Since the analysis of the data involves many stages, it might be helpful to review the overall pattern before describing the details. This overall view, from which some details have been omitted for clarity, appears here as Figure 6.4. In this figure, the rectangles represent types of file, and the ovals represent programs for transforming one type of file into another.
Figure 6.4: Simplified data flow during analysis
It was clear from very early on in the analysis that a single action from a human point of view was not necessarily equivalent to a single key-press. In particular, after practice on the task, short sequences of key-presses were frequently apparent. This happened particularly in the case of manoeuvring the ROV. Because there was no simple effector to turn left or right, players had to create their own sequences of actions that performed the function of turning. Even for the same direction of turn, different sequences were performed in different contexts. When going full ahead with both thrusters, a left turn of a few degrees would most probably be executed by selecting half ahead on the left thruster, followed immediately (0.5 seconds later) by restoring the left thruster to full ahead, using the full-ahead key for either the left thruster or both thrusters together. In contrast, when near a mine, gliding along with both thrusters stopped, a left turn would most likely be executed by selecting the starboard thruster half ahead, and then stopped (or both stopped). Other variations were also observed.
With these turning manoeuvres, the time interval between the unbalancing and balancing actions was crucial to determining the magnitude of the effect of the action. Due to the delayed response of the thrusters, leaving an interval of 1 second produced an effect approximately four times the size of the effect produced by an interval of 0.5 seconds. Thus, in situations where the former would be an appropriate action, the latter would not, and vice versa---the two were, in effect, different actions. There were other sequences of actions where time interval and order were not important. For example, when recovering the ROV, the first step was to reel in the cable. This was effected by setting the cable tension to `grip' and the take-in speed to `fast'; but the ordering and interval of these two actions was immaterial.

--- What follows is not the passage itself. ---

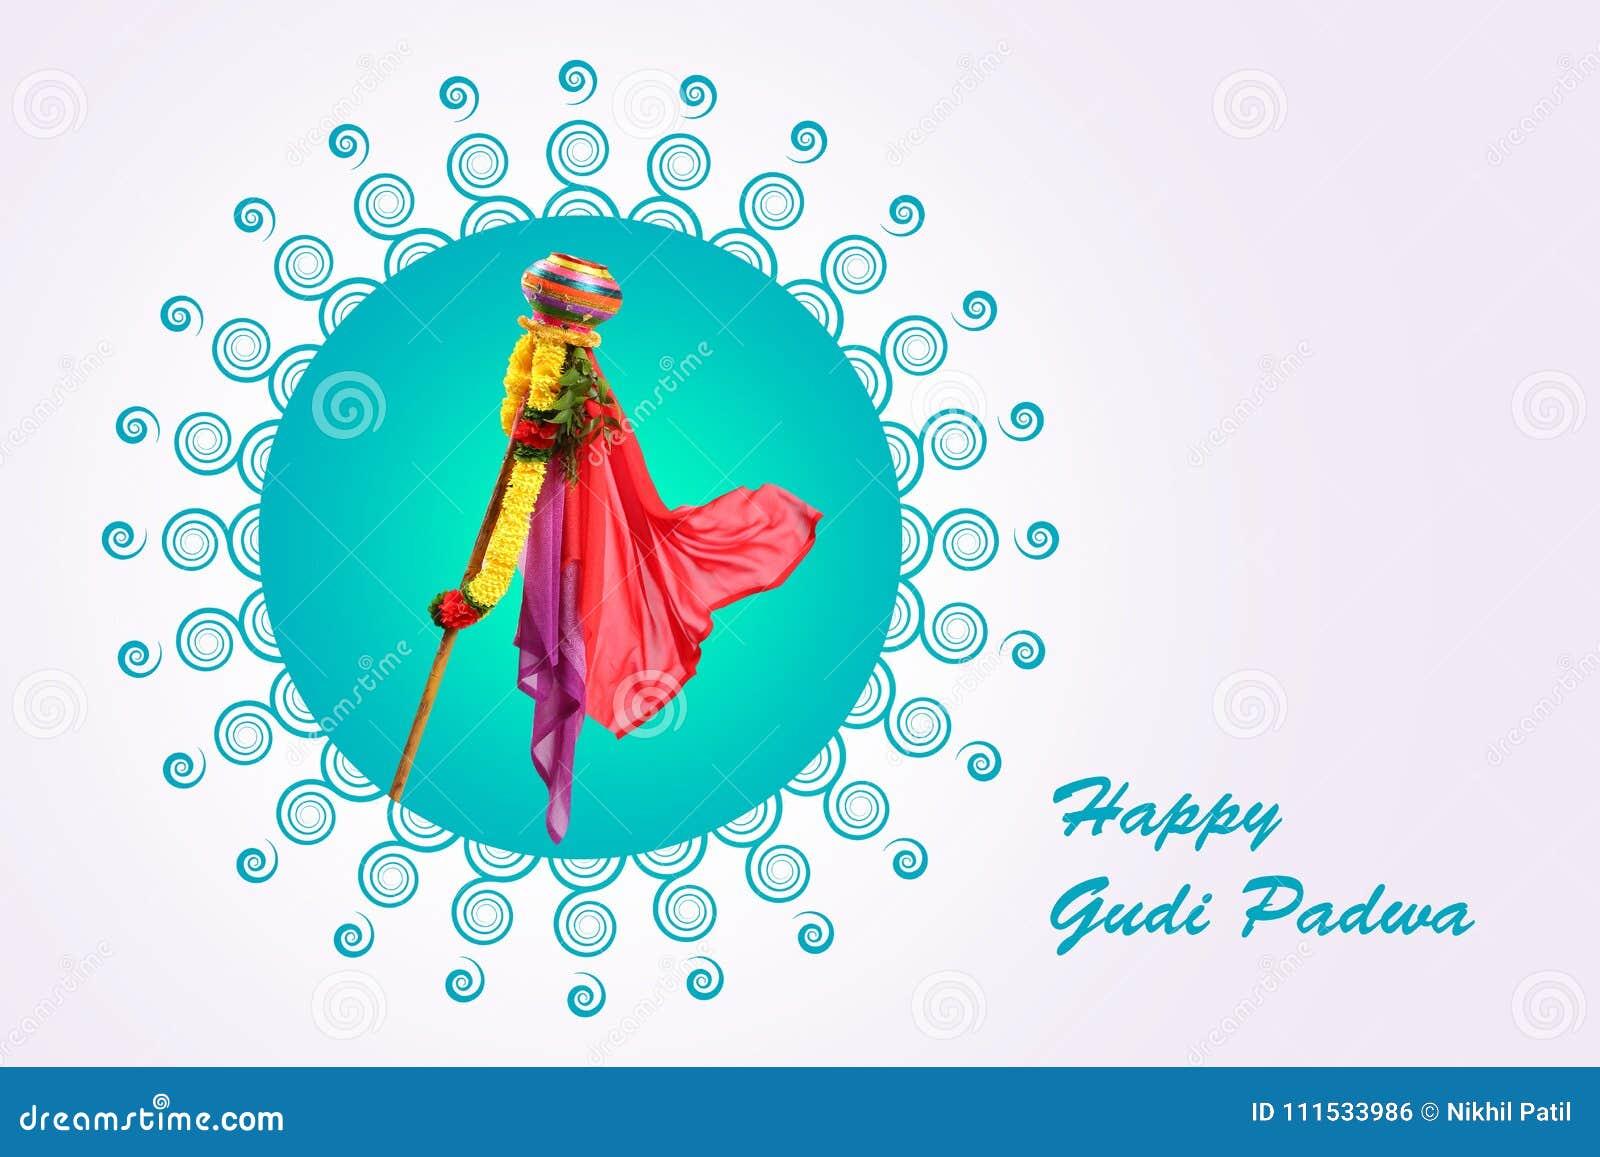 Gudi Padwa Marathi New Year Stock Illustration Illustration Of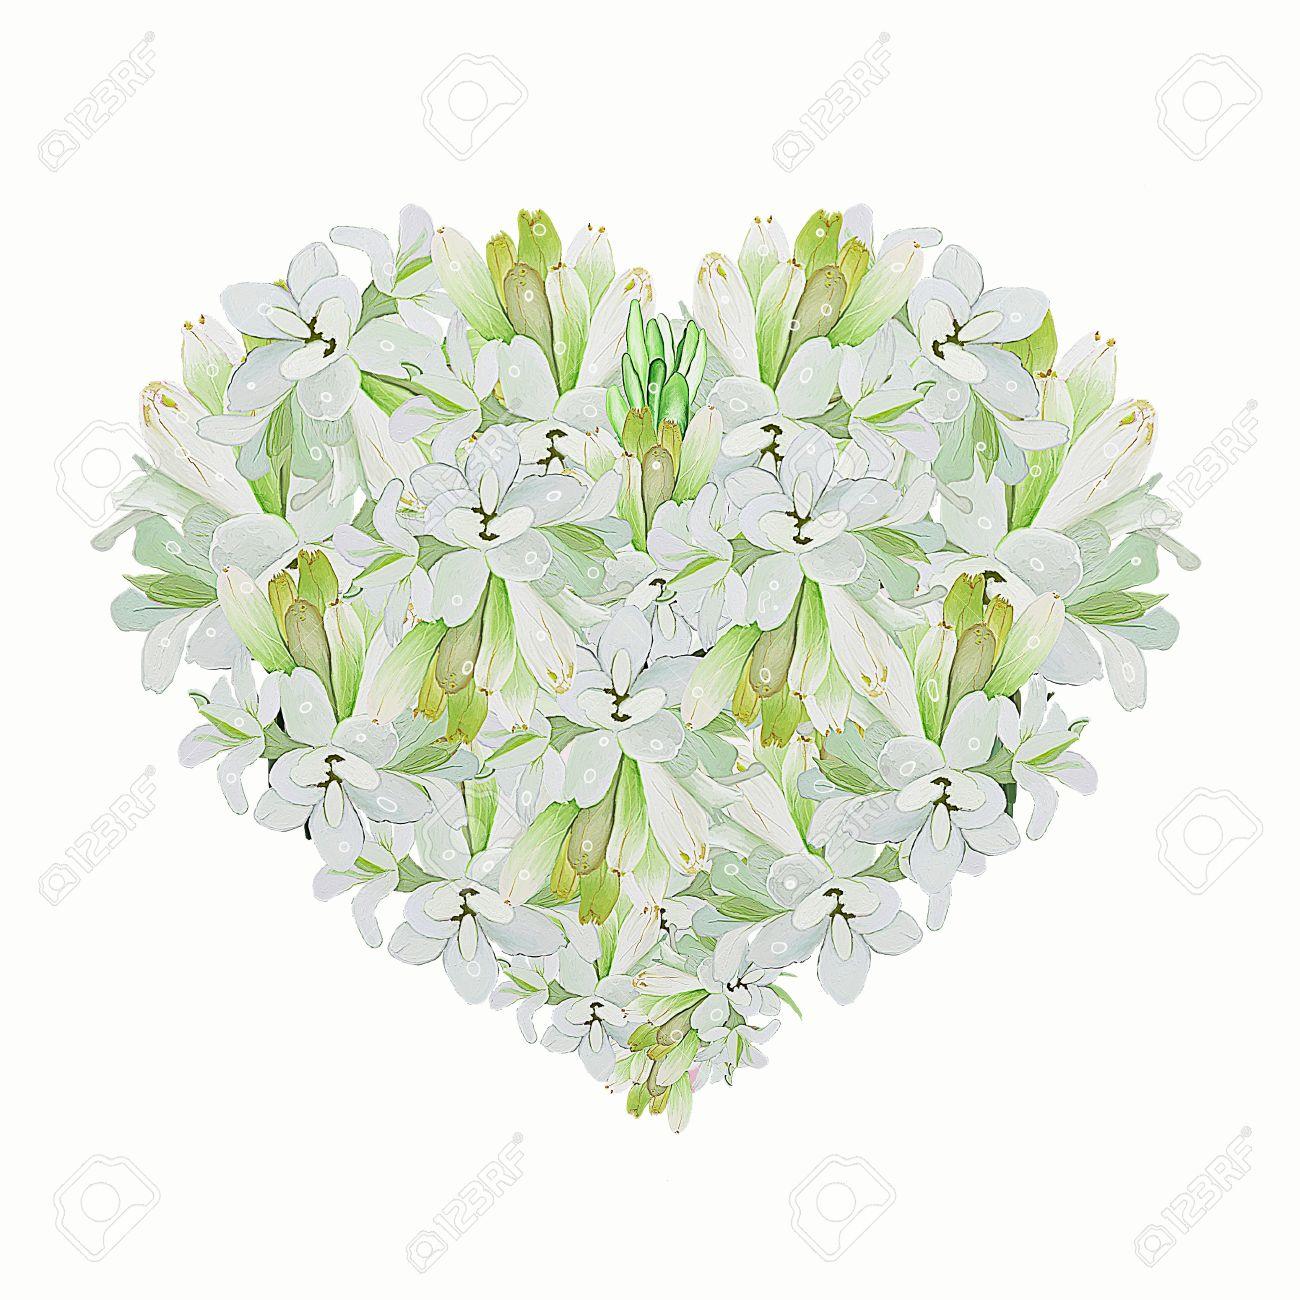 A Beautiful Heart Shape Of White Tuberose Flower On A White

Perhaps these considerations could in principle be derived from the data. However, in this study, they were deliberately introduced, as background knowledge, in the attempt to get the best classification of actions possible in the available time.
The problem then remained to find what compound actions actually occur in different players' task performance. This could be attempted by observation and questioning; but, without any objective measure, it would be difficult to assess how much of the resulting discoveries were artificially produced by the biases and preconceptions of player and experimenter. Thus a prime objective was to devise a program to compile a list of these compound actions given only a quantity of raw data. Programs for learning macro-operators in games or puzzles have been devised, but the methods used and quoted (e.g. in [120]) do not explicitly deal with time or dynamic systems, and were thus unsuitable here.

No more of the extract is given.